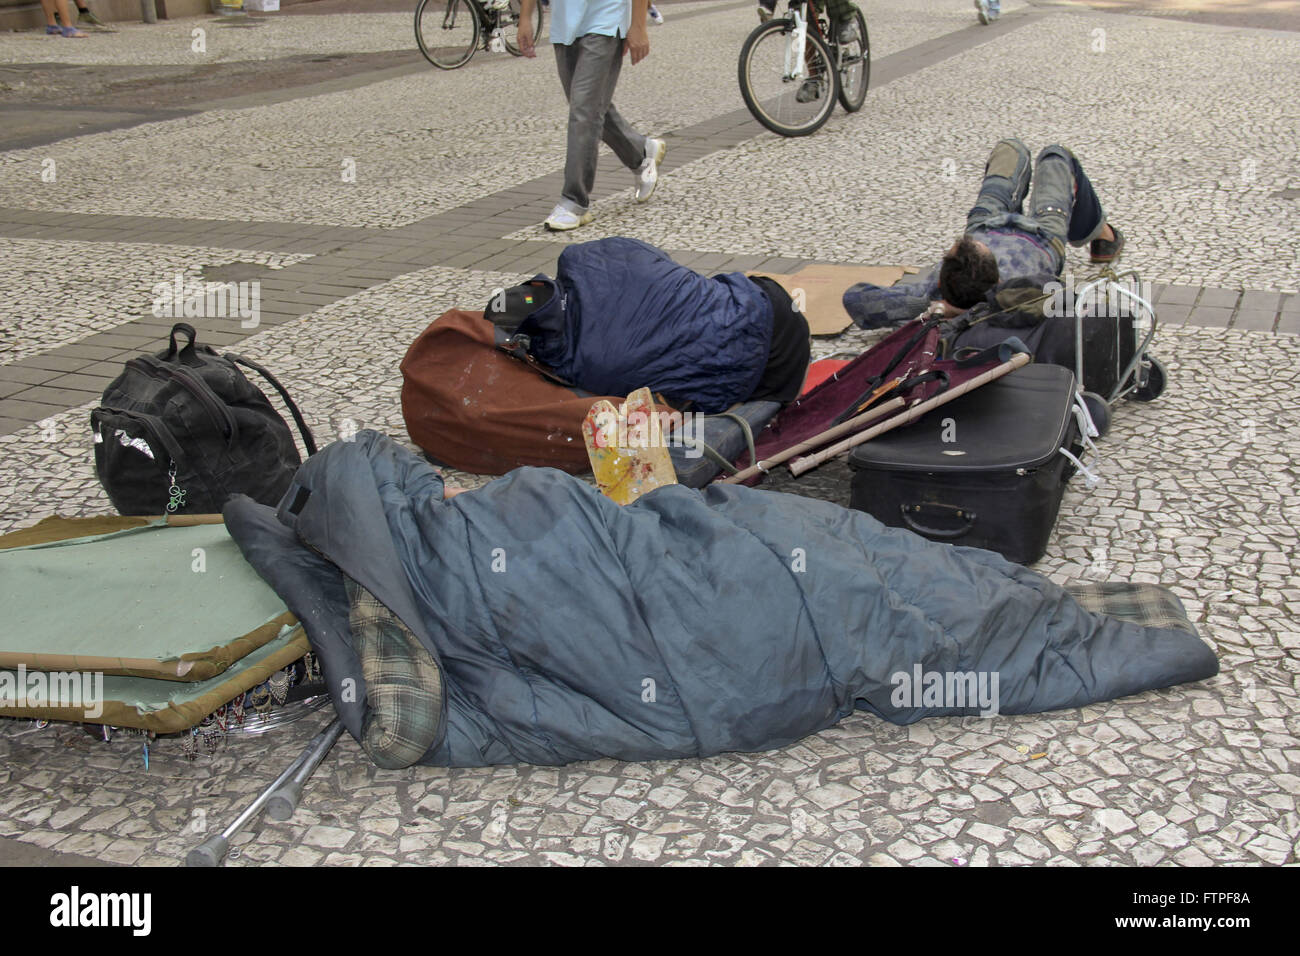 Homeless People Sleeping On The Floor City Center Stock Photo
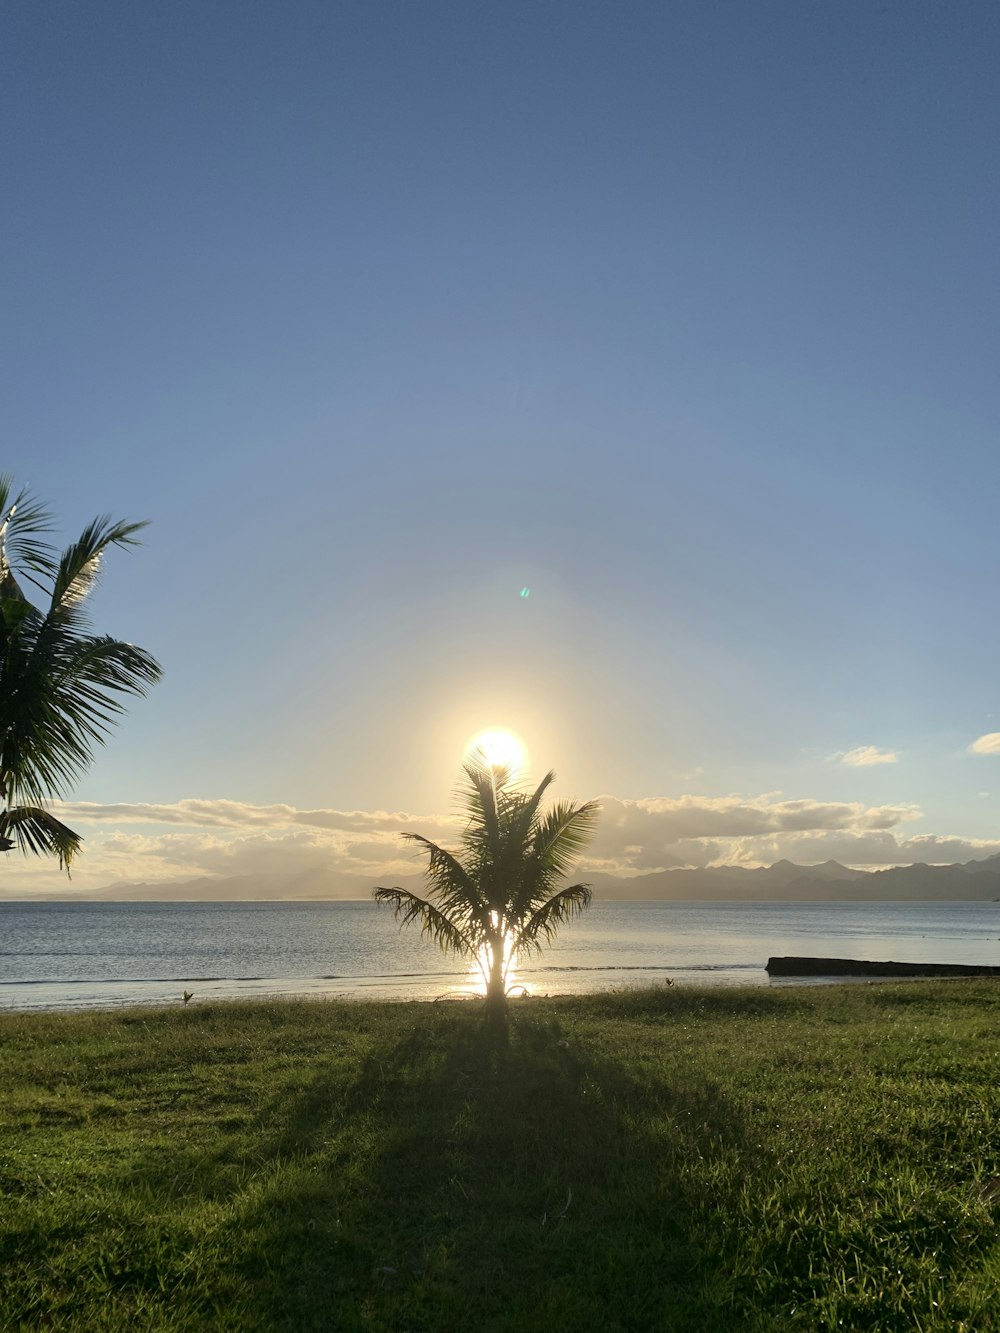 sun setting behind palm tree at the beach
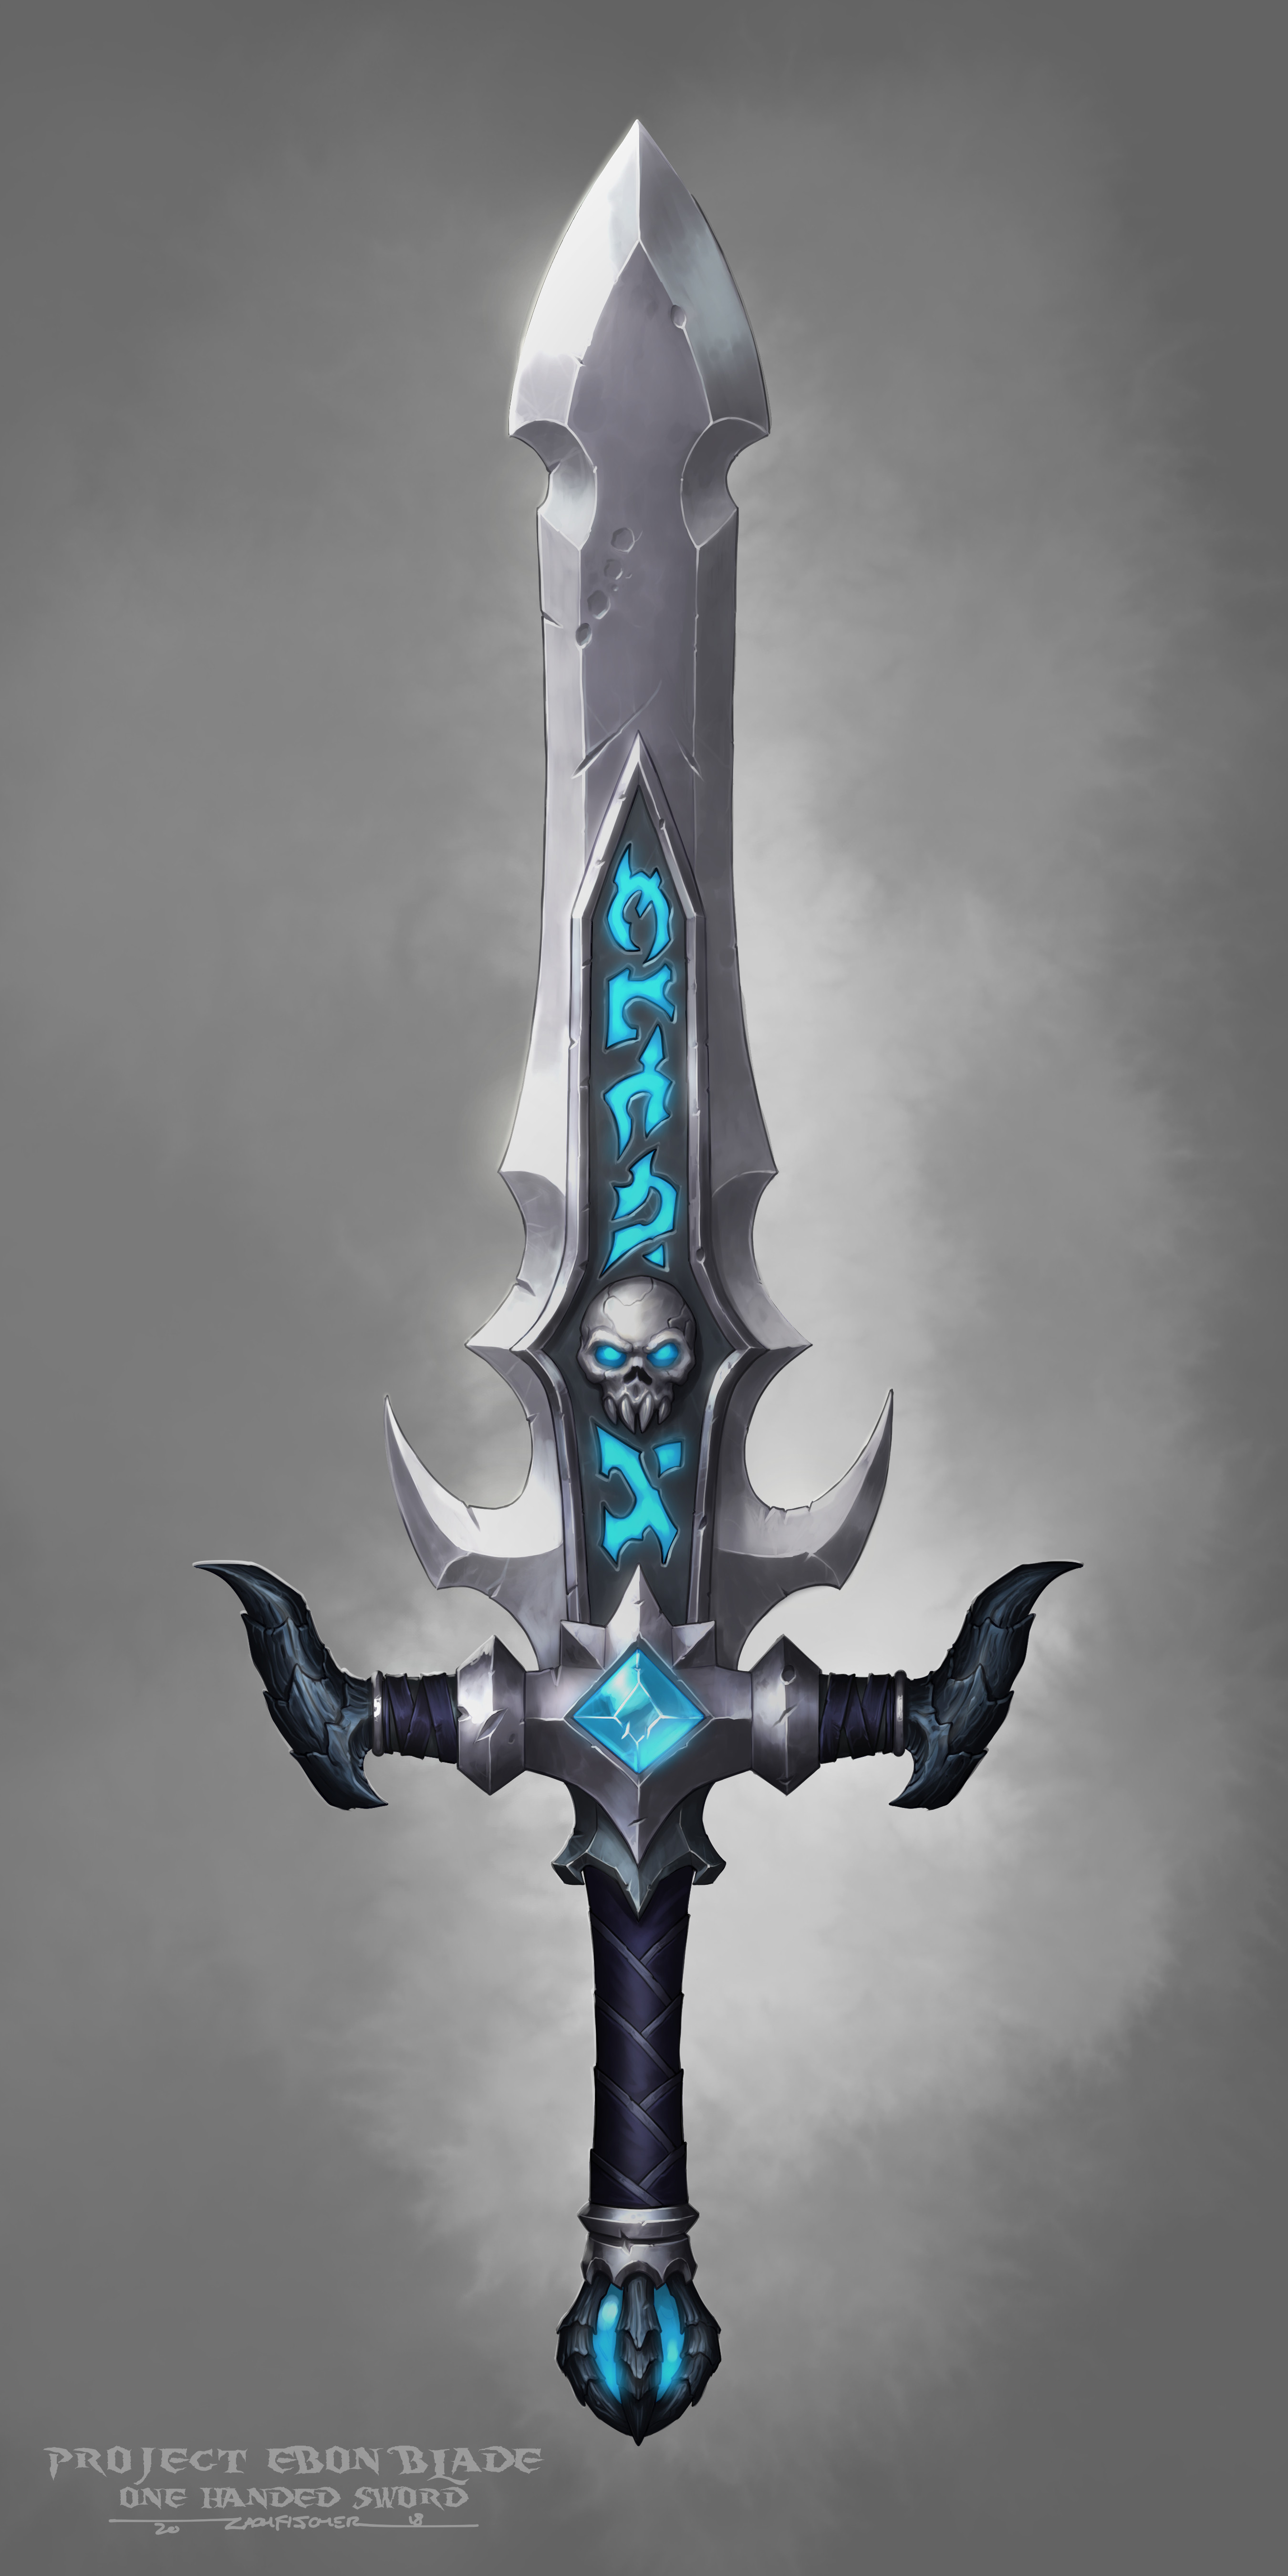 One-handed sword render
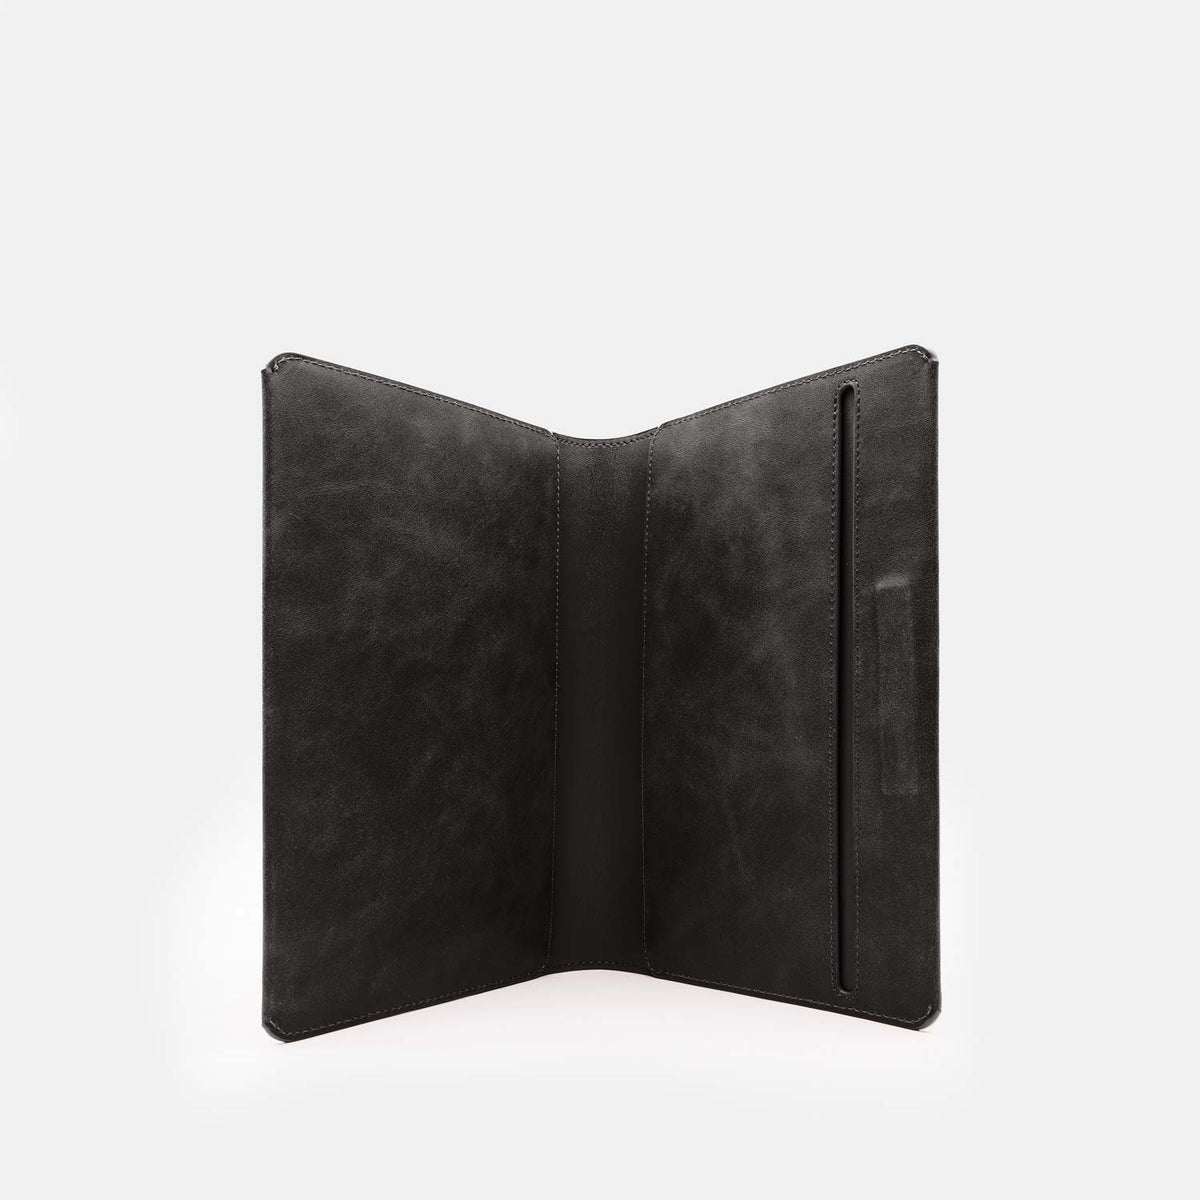 Moleskine Notebook Cover - Black - RYAN London

· · ·

# [About this exercise]
Pictures stay out; everything else in the listing above gets restated word for word.

# [Response below]
 Homeless People Sleeping On The Floor City Center Stock Photo
 sun setting behind palm tree at the beach
 One-handed sword render
 Moleskine Notebook Cover - Black - RYAN London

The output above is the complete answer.